I’d probably recommend (2) in the short-term to try out Ray Datasets’ parallel I/O and downstream operations, and look at adding a TFRecordDatasource down the road. We’d love to see the latter happen and could definitely help shepherd the implementation!

@Clark_Zinzow FYI, I found your great answer somewhere and we have another user asking for this :slight_smile:

1 Like

Thanks @jianxiao @xwjiang2010 for your answers and ideas!

We can’t use #1 from the list of options, our dataset size is large >100GB.

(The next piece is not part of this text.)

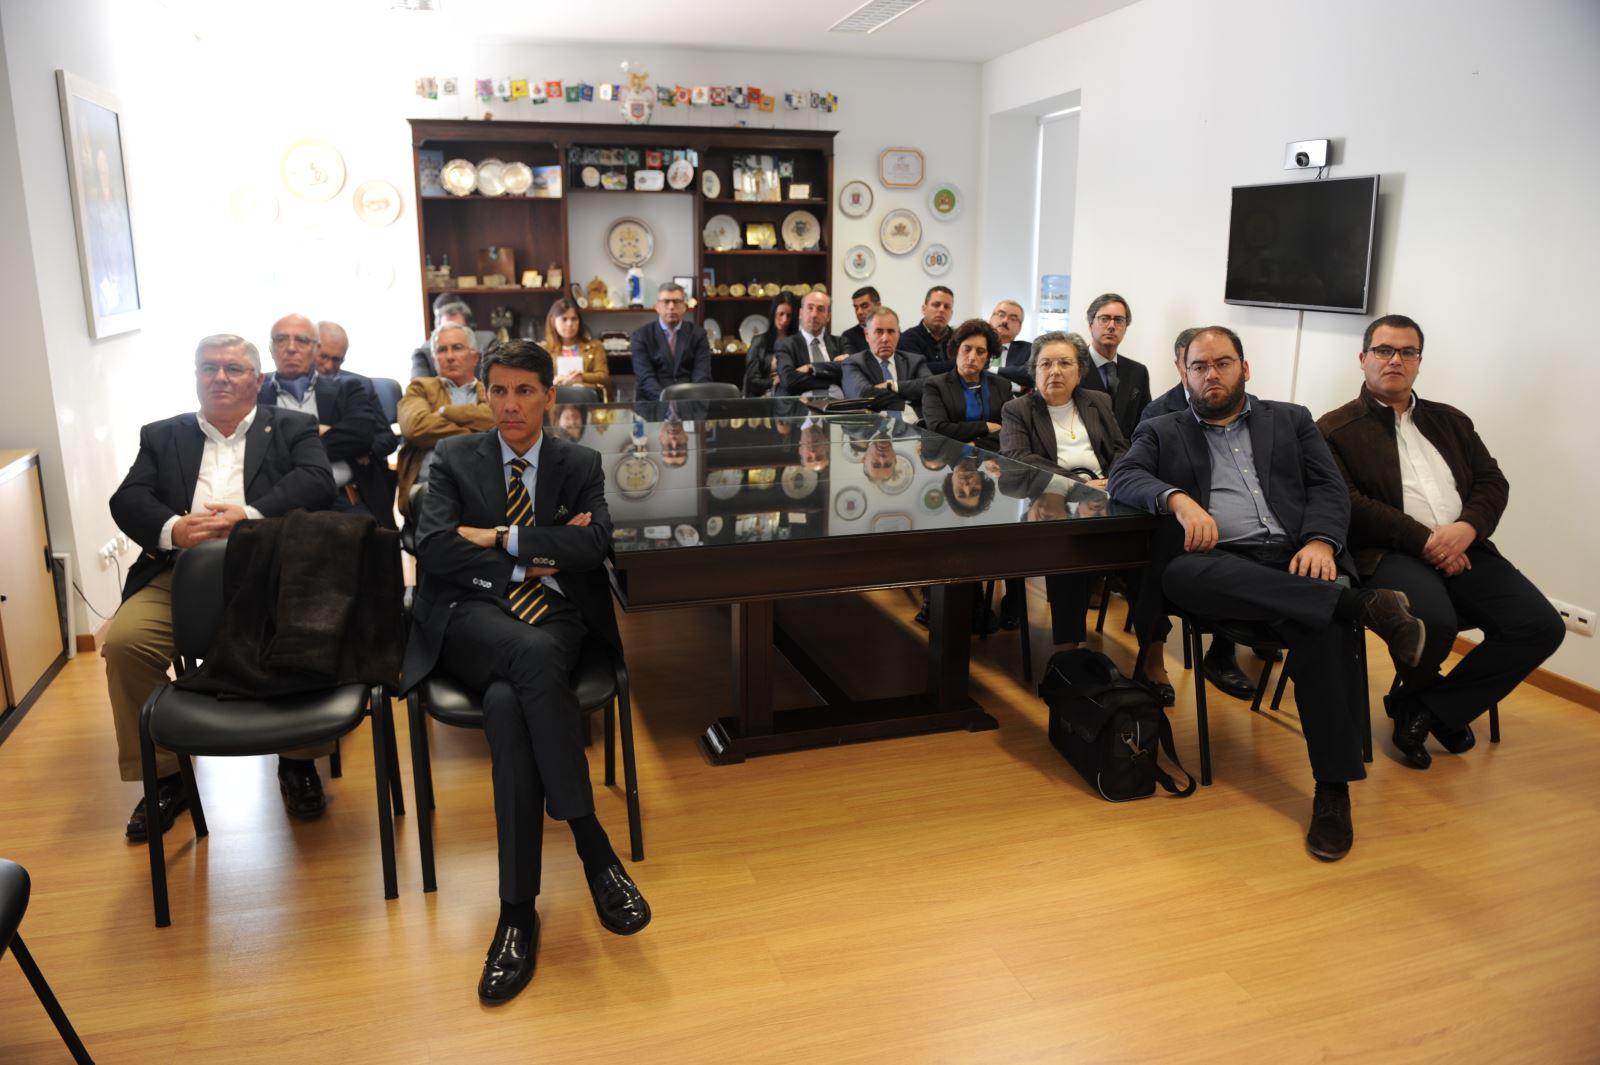 Novos provedores recebidos na sede da UMP em Lisboa

I try to better understand how to implement #2. For example, I’ve created 2 parse functions to map to bytes data. But TF doesn’t allow my to directly parse bytes, so I see errors in both cases. It feels like I need to write a low level decoder from bytes to Tensors?

features = {
  'foo': tf.io.FixedLenFeature([], tf.string),
  'bar': tf.io.FixedLenFeature([], tf.float32)
}

def parse_single(serialized_input):
  return tf.io.parse_single_example(serialized=serialized_input, features=features)

def parse_sequence(serialized_input):
    ctx, seq = tf.io.parse_sequence_example(serialized=serialized_input, context_features=features)
    print(f'>>> {ctx}, {seq}\n')
    return serialized_input

bin_dataset = ray.data.read_binary_files(filenames)
dataset = bin_dataset.map(parse_single)
# dataset = bin_dataset.map(parse_sequence)

@bveeramani @jianxiao Can you provide some pointers?